1. From designer jeans to beanie babies, we do not trust our own taste or opinions, so we let others set the course and we join in

2. In truth, we are afraid to be ourselves

3. We are also hesitant to go at things alone, even if God demands it

4. Like the demon-possessed swine rushing off the edge of a cliff, many modern Christians simply join the herd…whatever the new fads are…

C. We are SWAYED through faulty thinking

1. Our forefathers in faith advocated taking this land from the Indians & then later the Mexicans

2. Many of them advocated slavery and racism

3. Why did so many Christians go along with these things? runaway spending, R-rated movies, refuse to say no to their children, and interests of life displace God from as first priority. Because crowd does it. Christian crowd?

Main Idea: If we want to interpret life and the decisions of life reasonably, we need to develop the Biblical virtue of wisdom, a wisdom that comes from adjusting to God's Word.

III. Notice How FAITH in God's Word Makes the Difference

How did Caleb and Joshua, the two faithful spies, think?

A. They knew what God said and what it MEANT

1. Matters were much more gray to the doubters…

2. Do you make God's certain truth uncertain? Do you refuse to draw conclusions and act on what the Word means?
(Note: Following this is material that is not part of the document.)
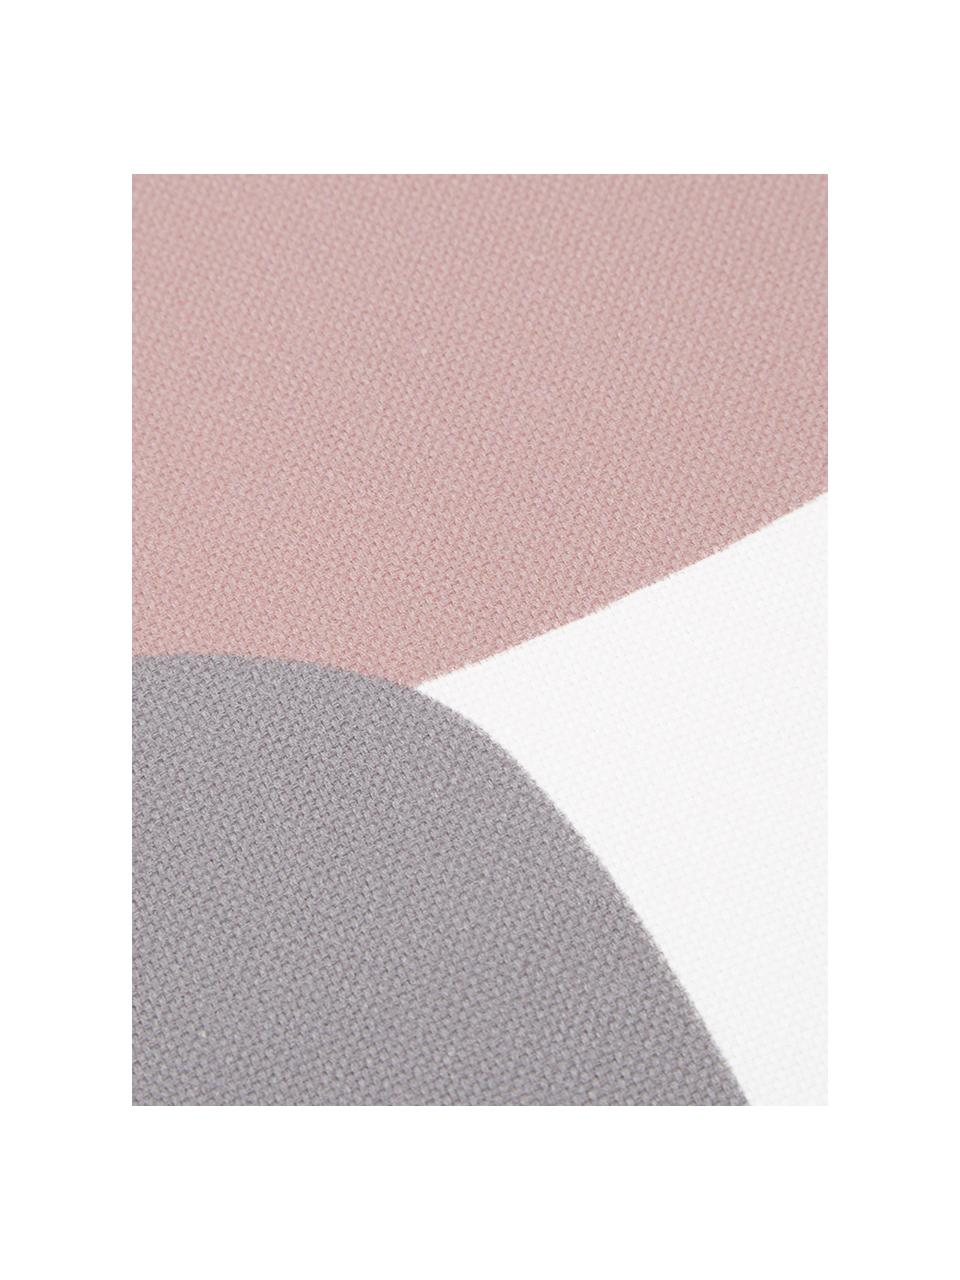 Federa arredo con forme geometriche Line, Tessuto: Panama, Bianco, grigio, rosa, rosso scuro, arancione, blu scuro, Larg. 40 x Lung. 40 cm

Are you hesitant?

B. They TRUSTED in God's character

1. Sometimes, it is hard to believe that God is good.

2. God calls us to trust Him even when we do not understand.

3. But God had established such a track record for this generation…

4. Are you missing the promised land – God's will for you – out of unbelief?

C. They chose obedient RISK over complacent fear

1. The more I learn about human nature, the more I see about how much fear affects us.

2. We can resist change because we are strapped by fear. Social fear. People gravitate to their "kind" because they are afraid of those who are different.

3. We will go through great effort to keep from losing; we are more enthused about not losing than we are winning….

4. Experiment: $20 bidding…..(book, Sway). If eggs go down, we do not usually buy more of them; if they go up, we do without. We are also hesitant to let things go (like life in Egypt), even if it is unsalvageable.

5. Too much commitment to the wrong things.

D. They marched to the beat of a DIFFERENT drummer

1. A traditional radio has a variable capacitor we know as a tuning dial. Its purpose is to help us tune into the right frequency and blot out competing stations.

2. Nothing distinguishes the solid disciple of Jesus Christ like his willingness to tune into and follow his Lord, blotting out competing masters. We can then march to his beat, not the beat of others.

3. Hearing that beat does not come by default, nor is it instinctive. It does not come through denial, procrastination, or going with the flow. It takes time in the Word, in church, in fellowship, and in prayer. We must tune and retune, because our tuning dial slips. Before we know it, we are on another station.

CONCLUSION

If we want to interpret life and the decisions of life reasonably, we need to develop the Biblical virtue of wisdom, a wisdom that comes from adjusting to God's Word.

1. So what kind of Christian are you – one who follows the trends and majorities – one who thinks the way the 10 spies did – or one who will stand in the minority, like Joshua and Caleb? To what radio station is your spiritual dial tuned?

2. A second question is this: which do I want to be like?